My wife, Ruth Freeman, who has died aged 67 of breast cancer, was a researcher, author, and teacher in dental public health. Unusually, she was also a practising psychoanalytic psychotherapist. In her public health role, much of her work focused on people being unable to access the dental care they needed.
Born in Glasgow, Ruth was the daughter of Joan (nee Goldblatt), a medical social worker, and Tom Freeman, a renowned psychoanalyst. Her formative years were spent at the groundbreaking Demonstration School, Dundee, where children were taught through a series of projects. After then attending Belfast Royal Academy, she began her dental training at Queen’s University Belfast, qualifying in 1974. After a master’s in dental public health at University College London, she returned to Queen’s as a lecturer and began her research in health promotion, working partly with young children frightened of the dentist. She was appointed the first female professor at Queen’s dental school in 2000.
Ruth trained in psychotherapy with her father and practised from the family home in Antrim.

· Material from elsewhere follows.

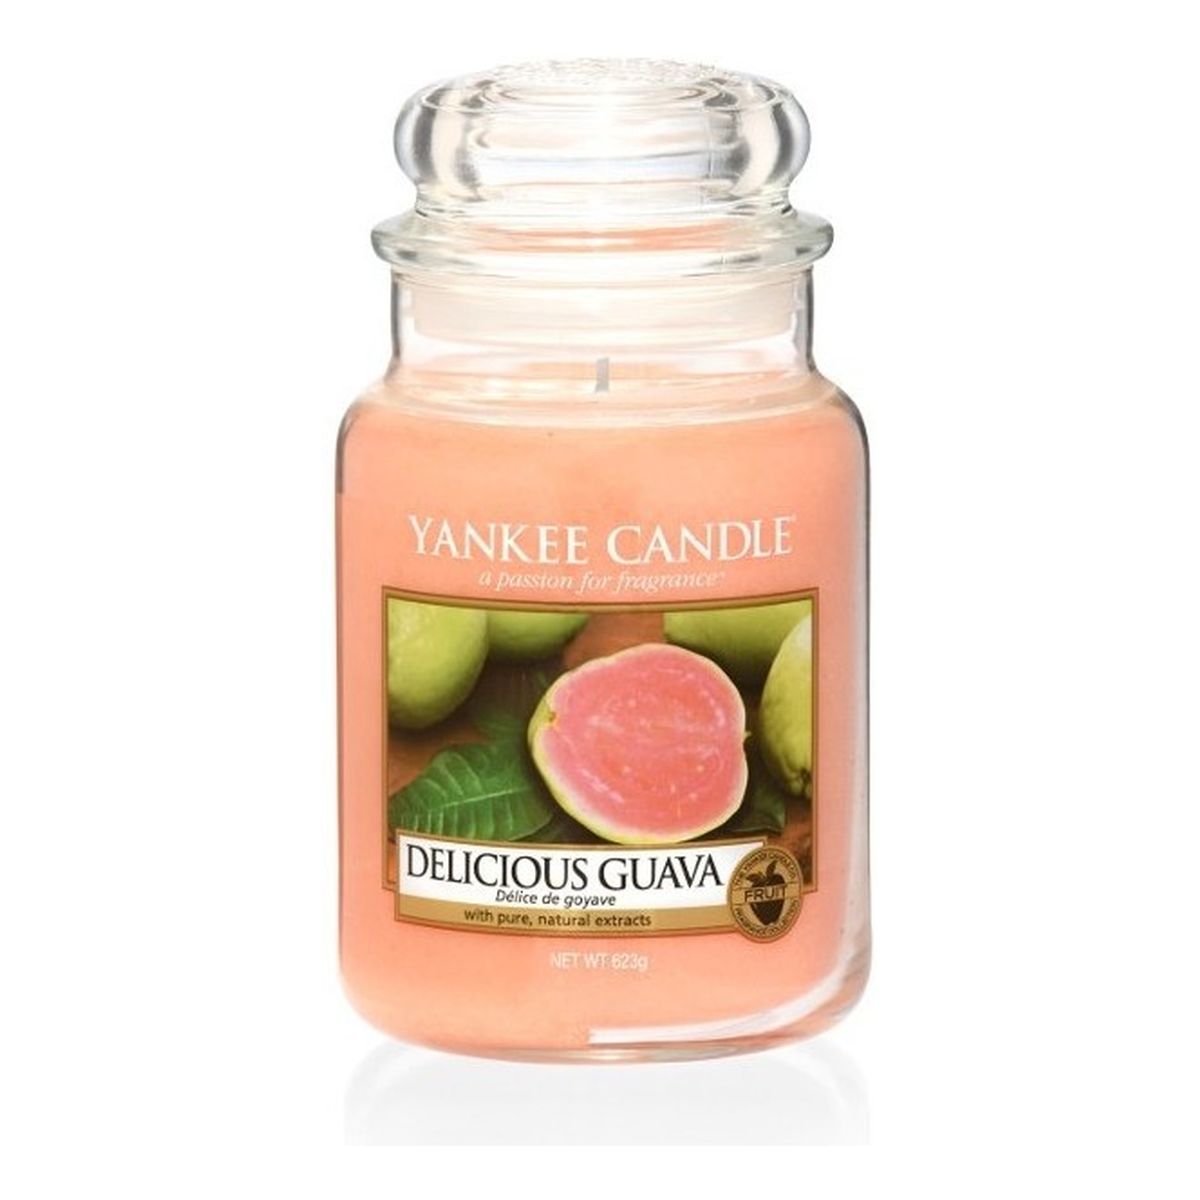 Yankee Candle Large Jar Duża świeczka zapachowa Delicious Guava 623g

In 2006 she became professor of dental public health research at the University of Dundee. Here her focus was on minority groups without easy access to dental care. She developed two nationally funded Scottish government programmes to improve the oral health of homeless people and those in prison. The work is continuing. She also set up her own psychotherapy practice at her home in Newport.
Ruth was a member of the British Psychoanalytic Council and a fellow of the Faculty of Public Health, Royal College of Physicians (UK). These overlapping interests motivated her focus on the needs of minority care groups. Drawn to the work of Anna Freud on children and adolescents, Ruth edited Anna Freud: Selected Writings (1998) for Penguin Classics, with Richard Ekins as her co-editor.

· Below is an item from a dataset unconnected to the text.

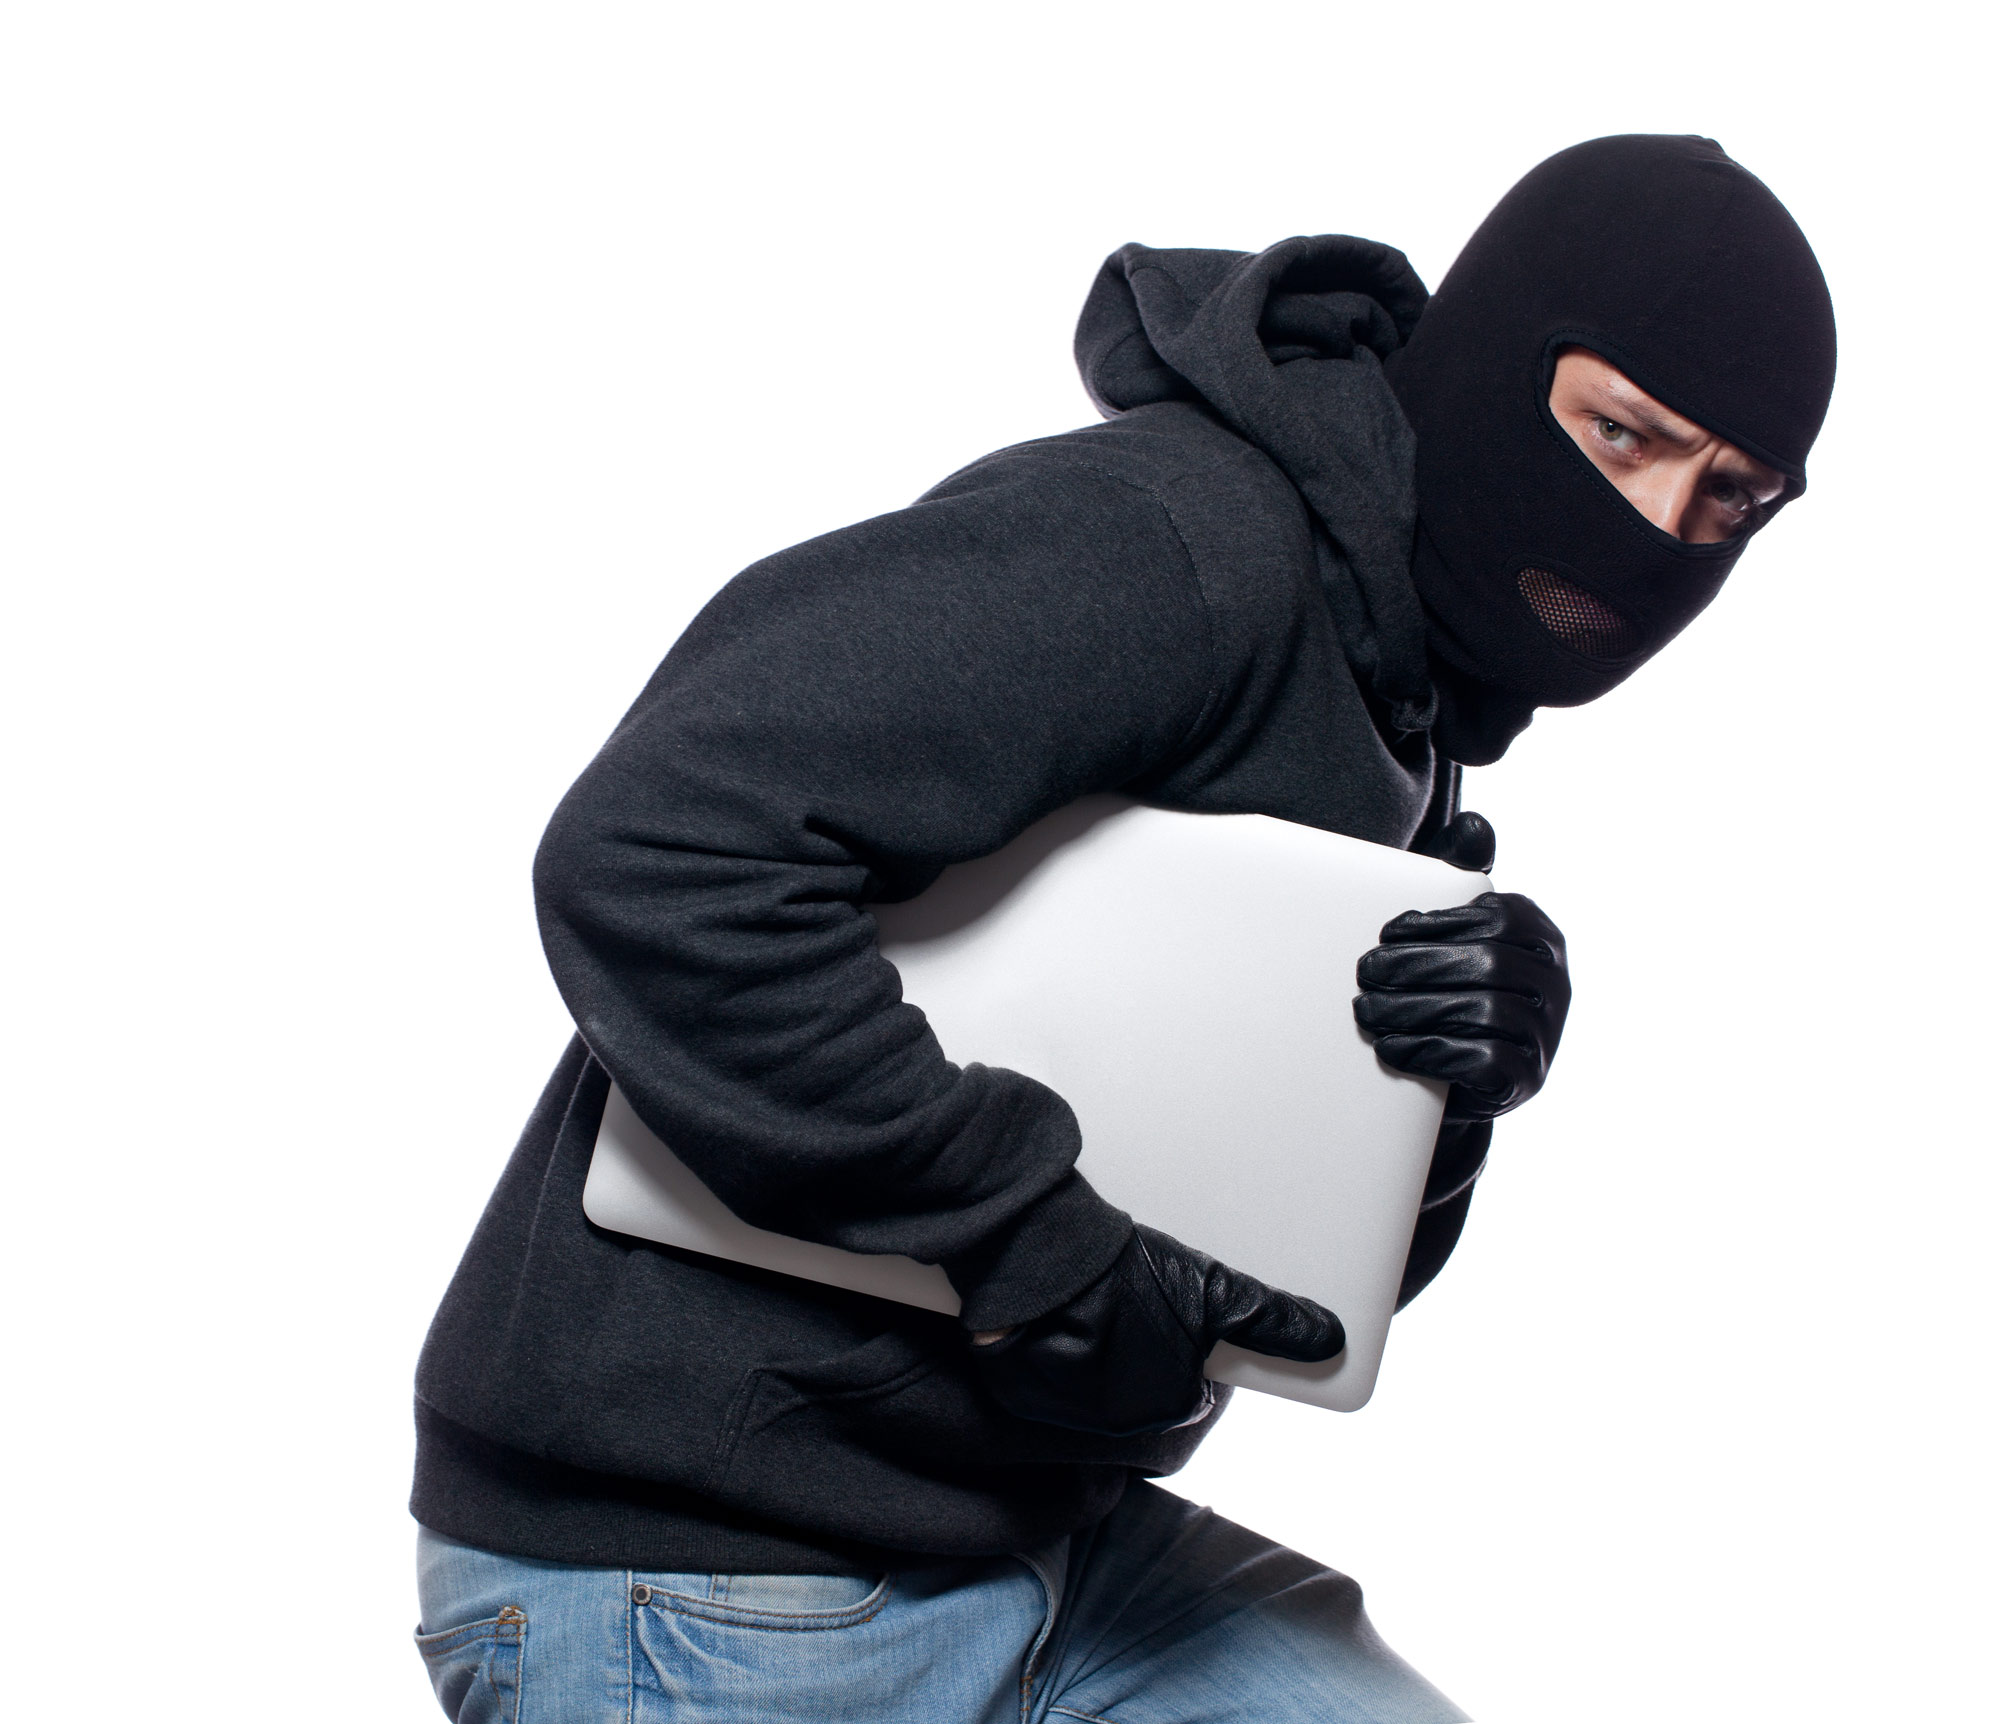 Laptop thief

Ruth possessed the unusual qualities of making research fun and engaging both for her colleagues and the people she sought to help. She also wrote many books, including Psychology of Dental Patient Care: the Common-sense Approach (2000); Preparing for Dental Practice (2004), with Trevor Burke; and Communication in General Practice (2006).

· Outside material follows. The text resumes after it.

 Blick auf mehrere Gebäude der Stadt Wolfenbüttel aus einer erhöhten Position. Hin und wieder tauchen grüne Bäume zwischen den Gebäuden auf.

She had recently written papers for an international research group on the social exclusion of many people through economic, political, cultural and individual factors. She was concerned that too many were not getting the oral healthcare that they needed, not only in developing but also developed societies. She had also completed a paper for the BMJ about emotional exhaustion in Scottish dental staff. She retired from her own practice in April and from the University of Dundee in August.
Outside her work, she was interested in gardening, pottery and pen-and-ink illustration.
Ruth and I first met at a dental conference in London and eventually married in 2014. She is survived by her brother, Robert, and me.